# BSOD while playing wow



## raai (Dec 9, 2007)

when i run wold of warcraft the blue screen of death appears or it appears while im playing it i tried to update my video card but it said its with the latest update and i got the requierments of world of warcraft even better than the requierments.

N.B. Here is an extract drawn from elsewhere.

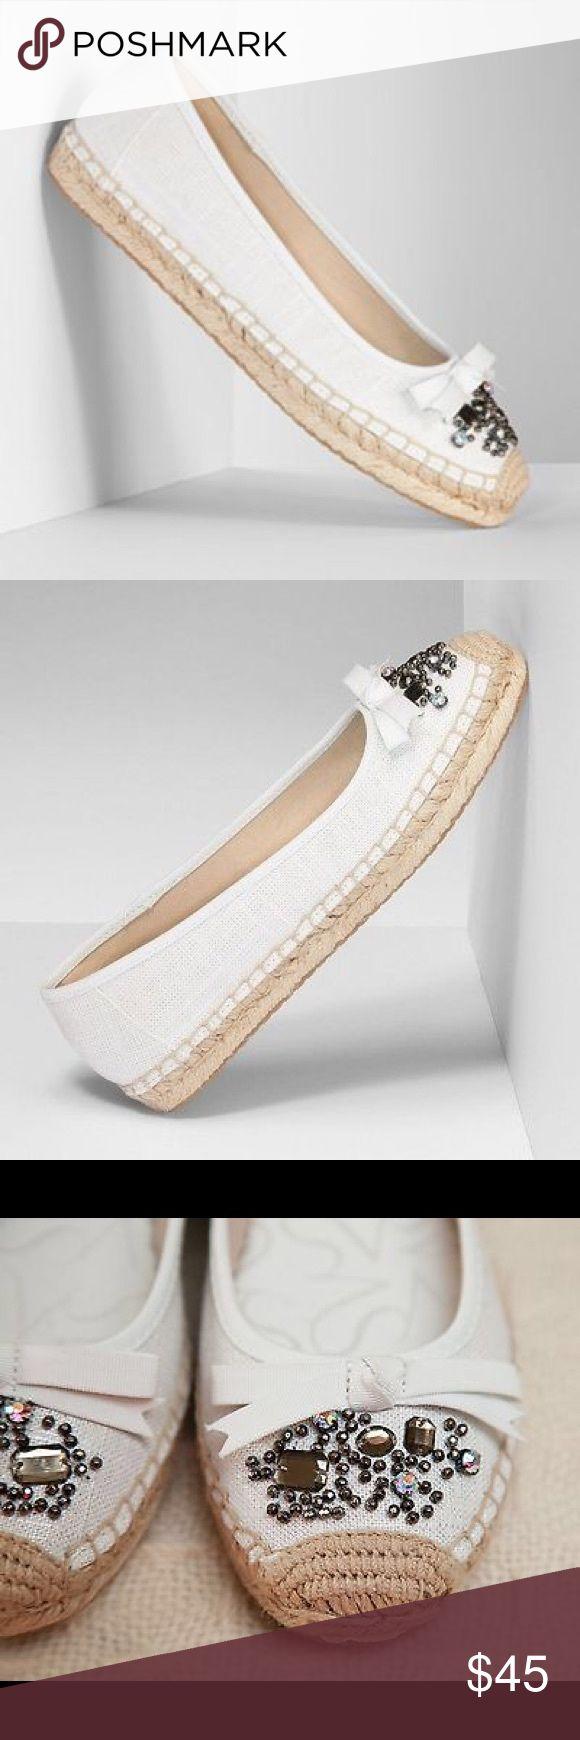 Vera Wang White Jeweled Espadrille Shoes Vera Wang white iridescent w/pewter jeweled stone espadrille shoes will have you looking fab! Vera Wang Shoes Espadrilles
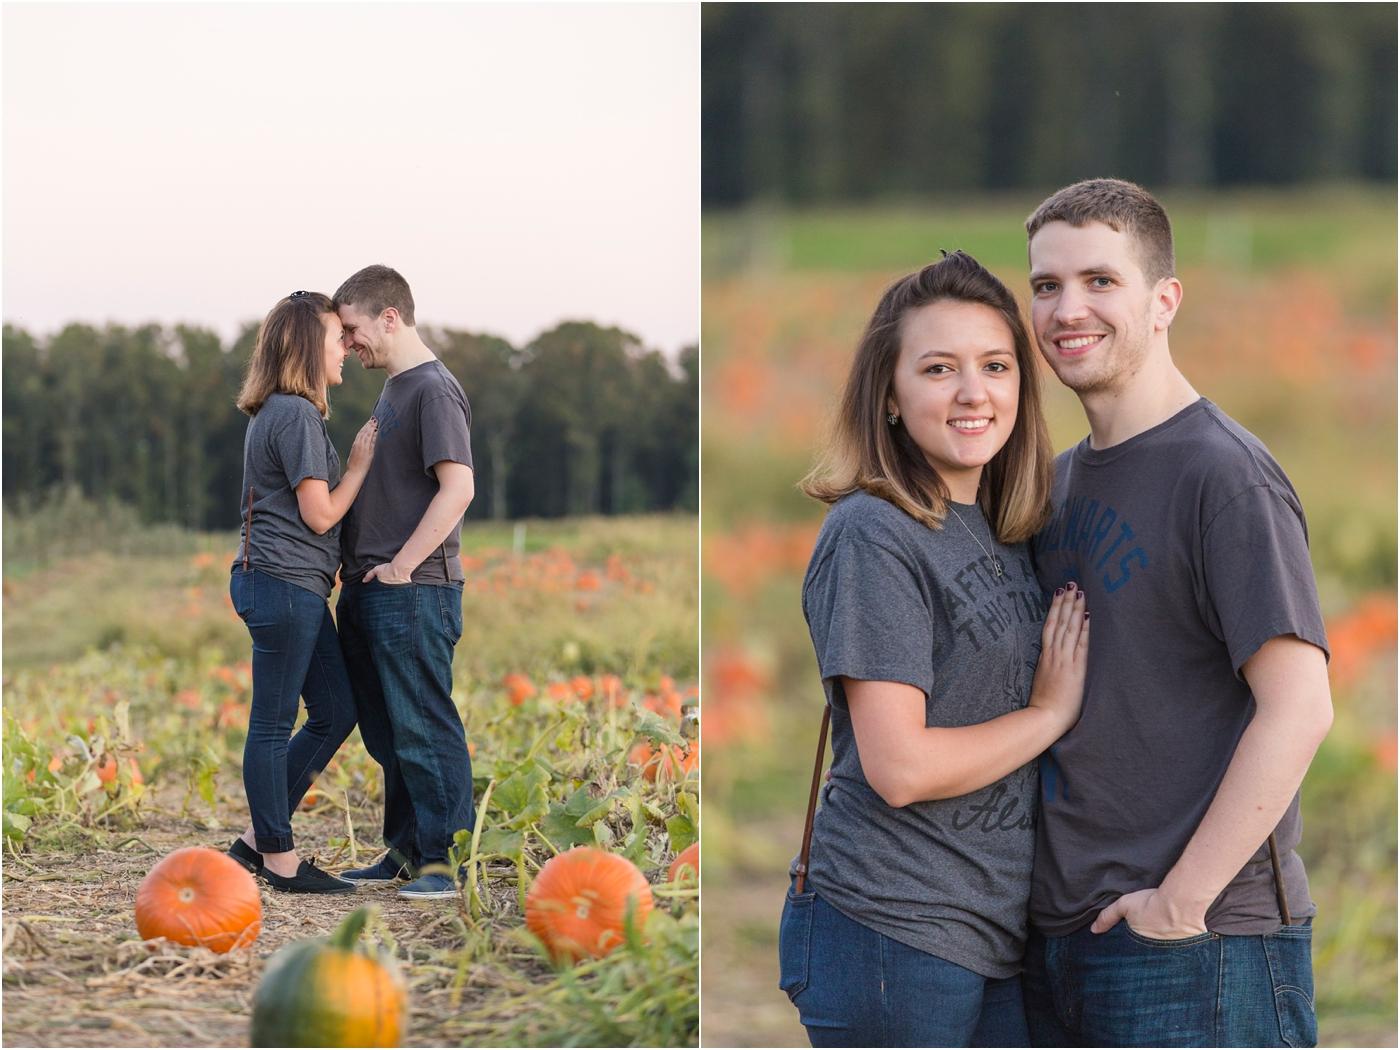 Larriland-Farm-Engagement-Photo_0033.jpg

can any 1 help me with this problem

:4-dontkno


----------



## raai (Dec 9, 2007)

is any1 there???? in the requirements the video card needed is geforce2 i got Intel(R) 82945g express chipset family i dont know if its better than geforce2 or not but can any 1 help me plz!!


----------



## raai (Dec 9, 2007)

sometimes it says that the problem is caused by igxprd32 and it got stuck in an infinite loop can any 1 plz answer!!!!!!!!!!!!!!!!!!!!!!!!!!!!!!!!!!!!!!!!!


----------



## dai (Jul 2, 2004)

igxprd32 is related to your onboard video chip have you checked this meets the requirements for the game
try reinstalling the driver


----------



## raai (Dec 9, 2007)

i got Intel(R) 82945g express chipset family video card the required video card is geforce 2 or higher i dont know which video card is better


----------



## dai (Jul 2, 2004)

i don't play games but from searching they seem to recommend gf4 or better


----------



## raai (Dec 9, 2007)

nah i saw the requirements and it was geforce2 (minimum)


----------



## ebackhus (Apr 21, 2005)

The Intel chipset you have is an integrated chipset and is most likely NOT supported. Even if it does work a little bit there's little in the way of available support for unsupported devices.


----------



## raai (Dec 9, 2007)

ok thank u guys so much for your help


----------